The walrus operator is also useful in while loops to read and process data until a sentinel value:
data_stream = [42, 17, 88, 0, 55] # 0 acts as a stop signal
index = 0
while (value := data_stream[index]) != 0:
print(f"Processing value: {value}")
index += 1
print("Stopped at zero sentinel.")
Processing value: 42
Processing value: 17
Processing value: 88
Stopped at zero sentinel.
The walrus operator assigns value from the stream and checks it against 0 in the same while condition. The loop body never runs for the 0 value because the condition is checked first.
Python's plain = assignment operator also supports assigning multiple variables at once through tuple unpacking and the starred assignment form.
x, y, z = 10, 20, 30
print(x, y, z)
first, *rest = [1, 2, 3, 4, 5]
print(first)
print(rest)
a = b = c = 100
print(a, b, c)
10 20 30
1
[2, 3, 4, 5]
100 100 100
Tuple unpacking assigns each value on the right to the corresponding name on the left. The starred form (*rest) captures all remaining elements into a list. Chained assignment (a = b = c = 100) binds all three names to the same value simultaneously.
This example brings together simple assignment, augmented assignment operators, and the walrus operator in a realistic mini-program that reads a list of student scores, filters out low scores using the walrus operator, applies a bonus using +=, and reports a final summary.
import statistics
student_scores = {
"Alice": 78,
"Bob": 45,
"Carol": 91,
"David": 38,
"Eve": 85,
"Frank": 52,
}
PASSING_THRESHOLD = 50
BONUS_POINTS = 5
qualifying_scores = []
for student, score in student_scores.items():
if (adjusted := score + BONUS_POINTS) >= PASSING_THRESHOLD:
qualifying_scores.append(adjusted)
print(f"{student}: {score} + {BONUS_POINTS} bonus = {adjusted} (qualifies)")
else:
print(f"{student}: {score} + {BONUS_POINTS} bonus = {adjusted} (below threshold)")
total = 0
for s in qualifying_scores:
total += s
count = len(qualifying_scores)
average = total / count if count > 0 else 0
print(f"\nQualifying students: {count}")
print(f"Total score sum: {total}")
print(f"Average qualifying score: {average:.2f}")

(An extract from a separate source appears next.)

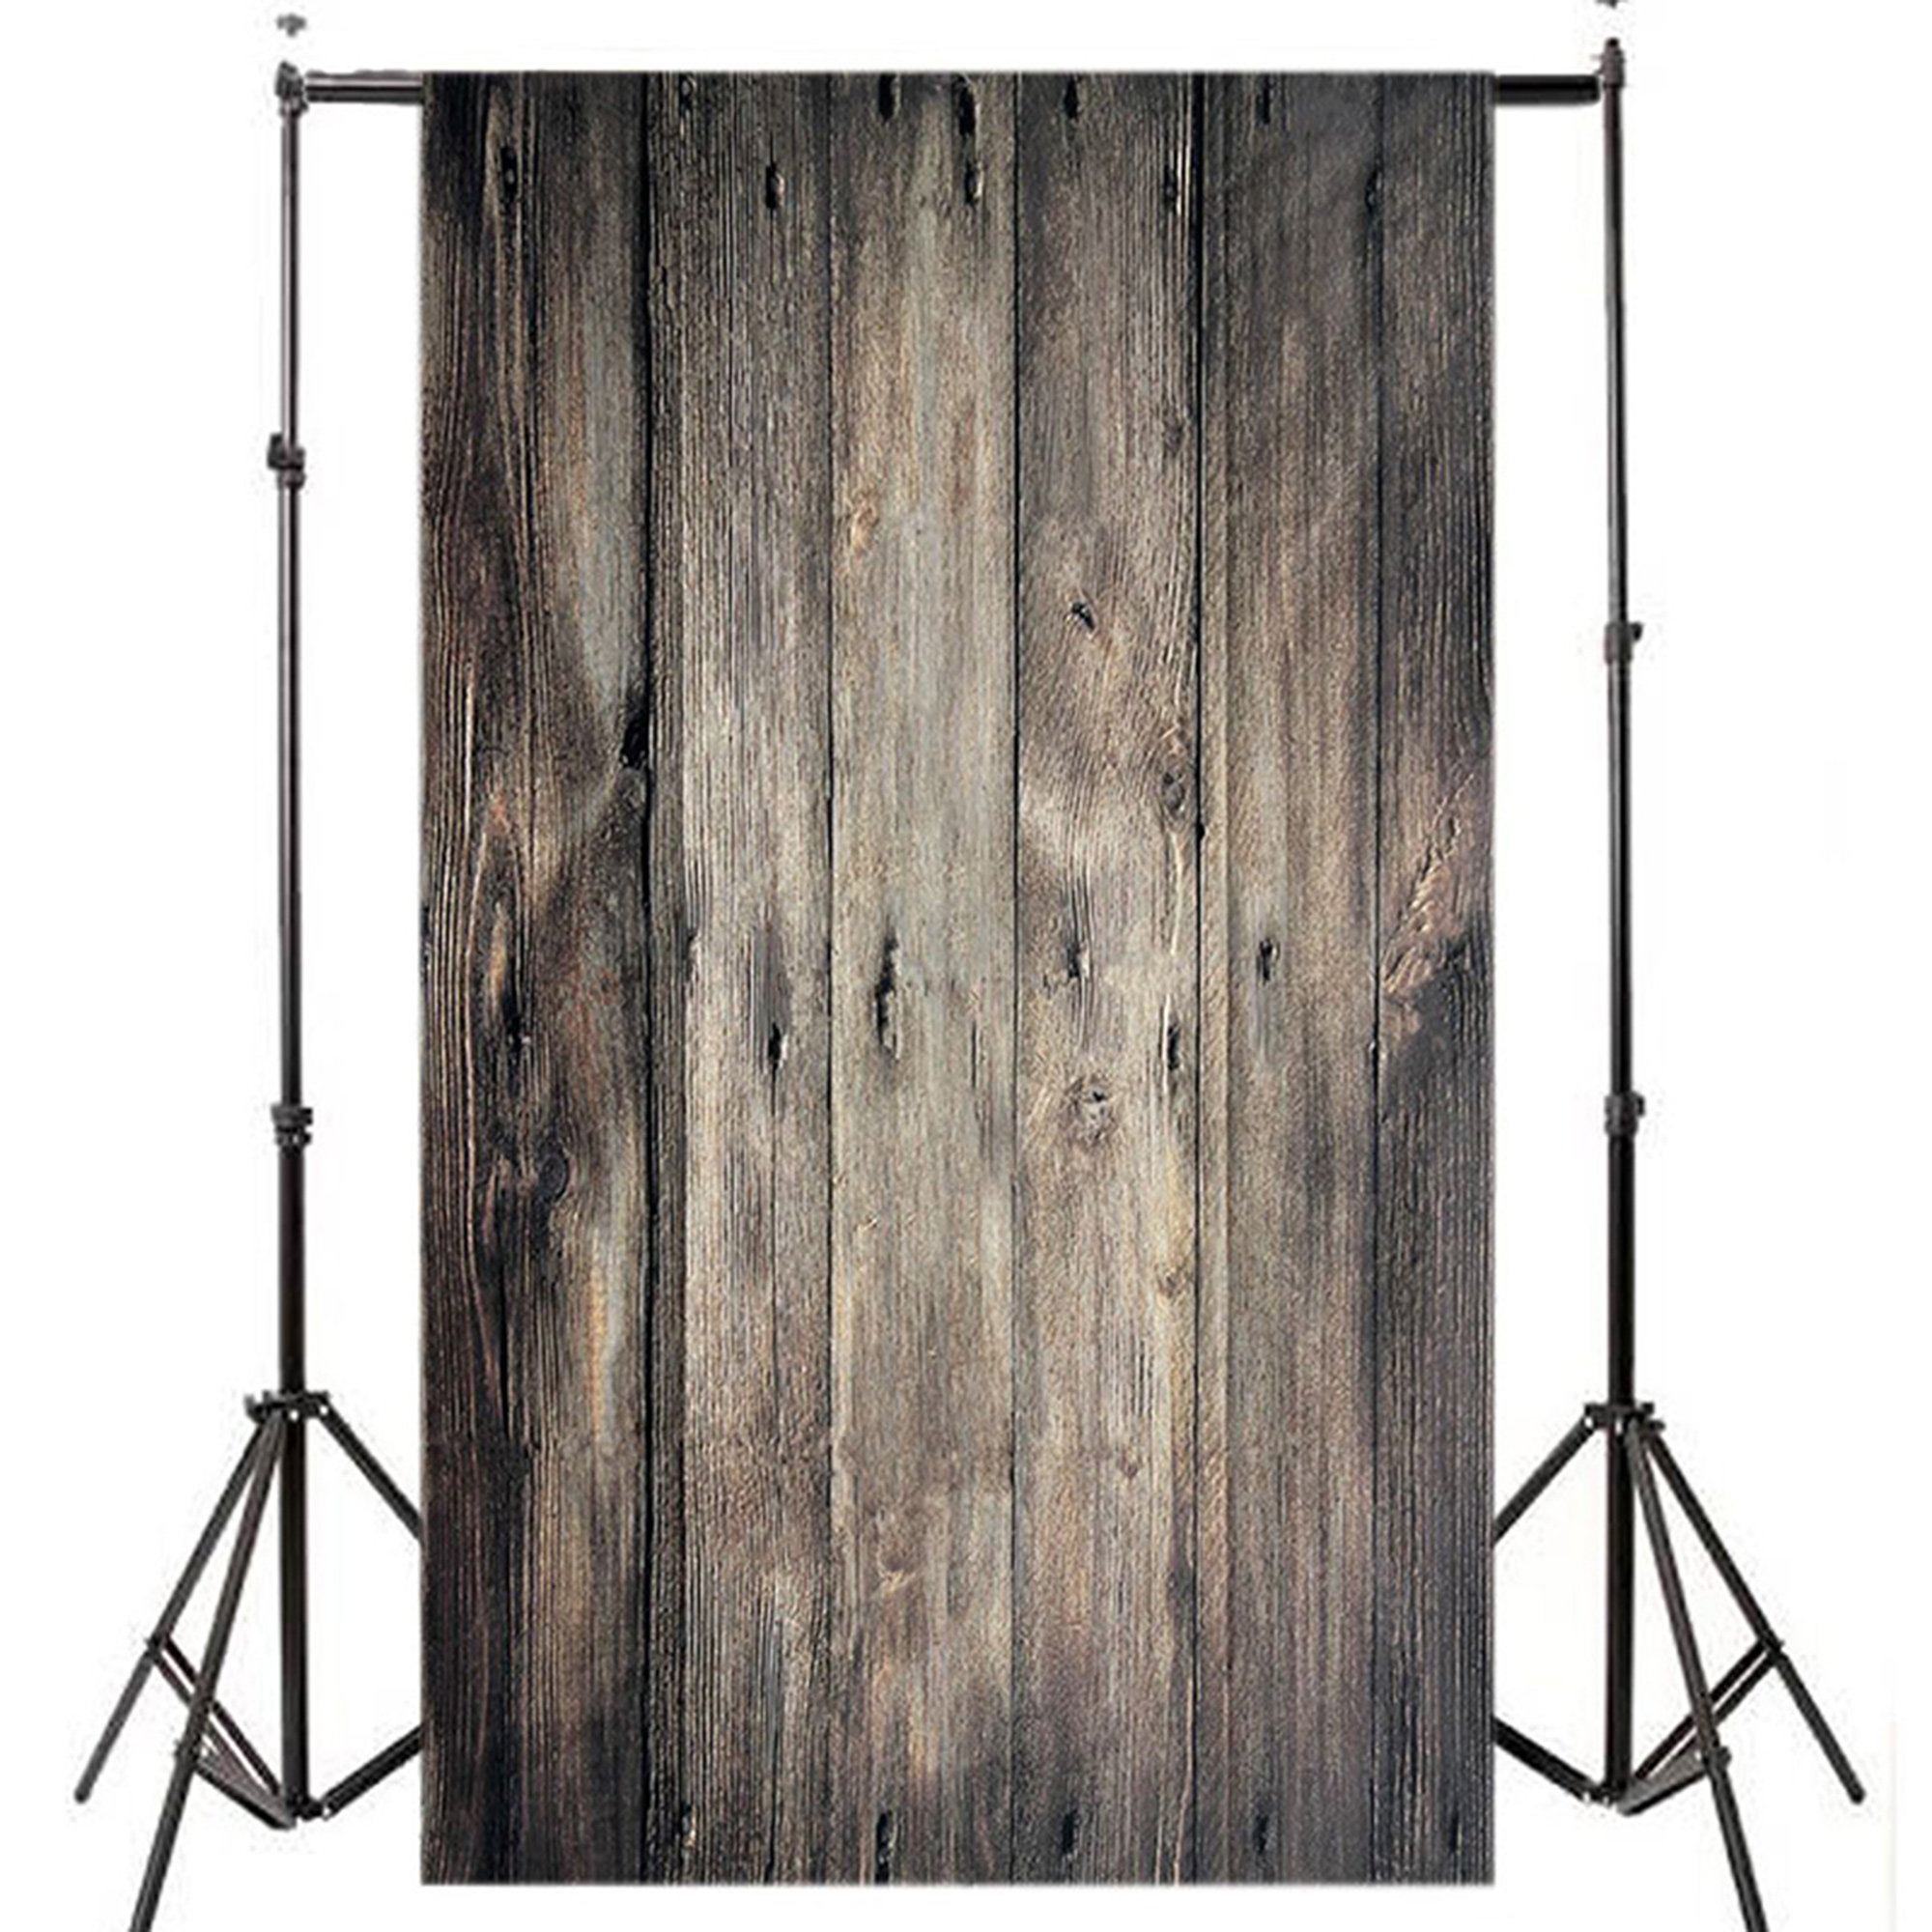 3X5ft Studio Photo Video Photography Backdrop Background Photo Booth Background Screen Props Photo Studio Props Vinyl Screen Studio Photo Props - image 4 of 4

high_score = qualifying_scores[0]
for s in qualifying_scores[1:]:
if s > high_score:
high_score = s
print(f"Highest qualifying score: {high_score}")
Alice: 78 + 5 bonus = 83 (qualifies)
Bob: 45 + 5 bonus = 50 (qualifies)
Carol: 91 + 5 bonus = 96 (qualifies)
David: 38 + 5 bonus = 43 (below threshold)

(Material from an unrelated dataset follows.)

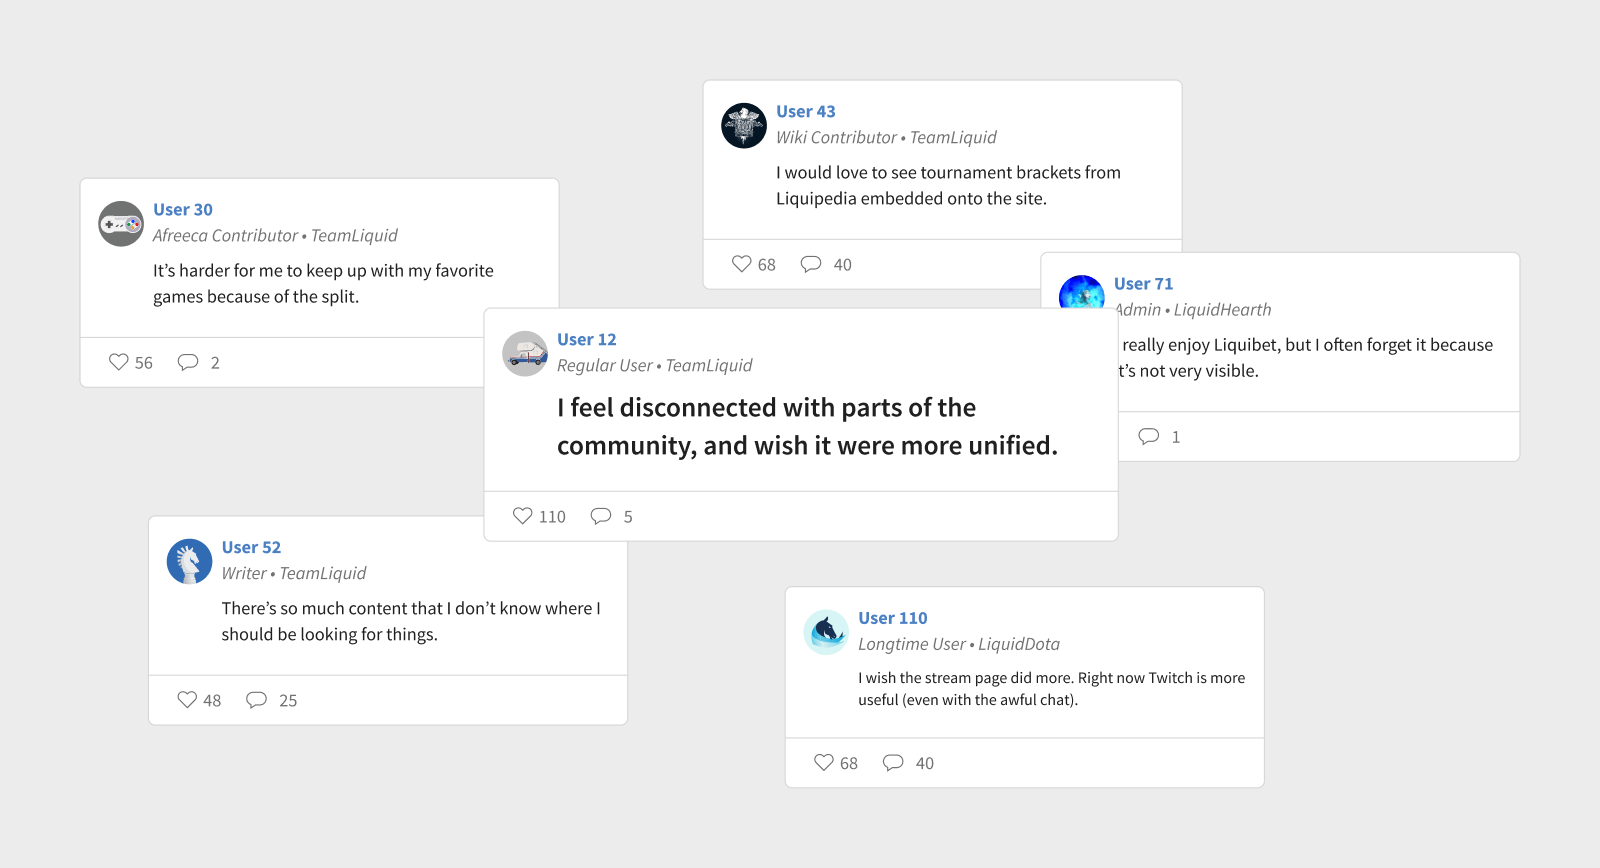 Several research insights from various users in the community, shown as social media posts.

Eve: 85 + 5 bonus = 90 (qualifies)
Frank: 52 + 5 bonus = 57 (qualifies)
Qualifying students: 5
Total score sum: 376
Average qualifying score: 75.20
Highest qualifying score: 96
The walrus operator := computes the adjusted score and assigns it in the same expression used to test whether the student qualifies. The += operator accumulates the running total across the qualifying list. The final stats are derived entirely from those two assignment patterns working together.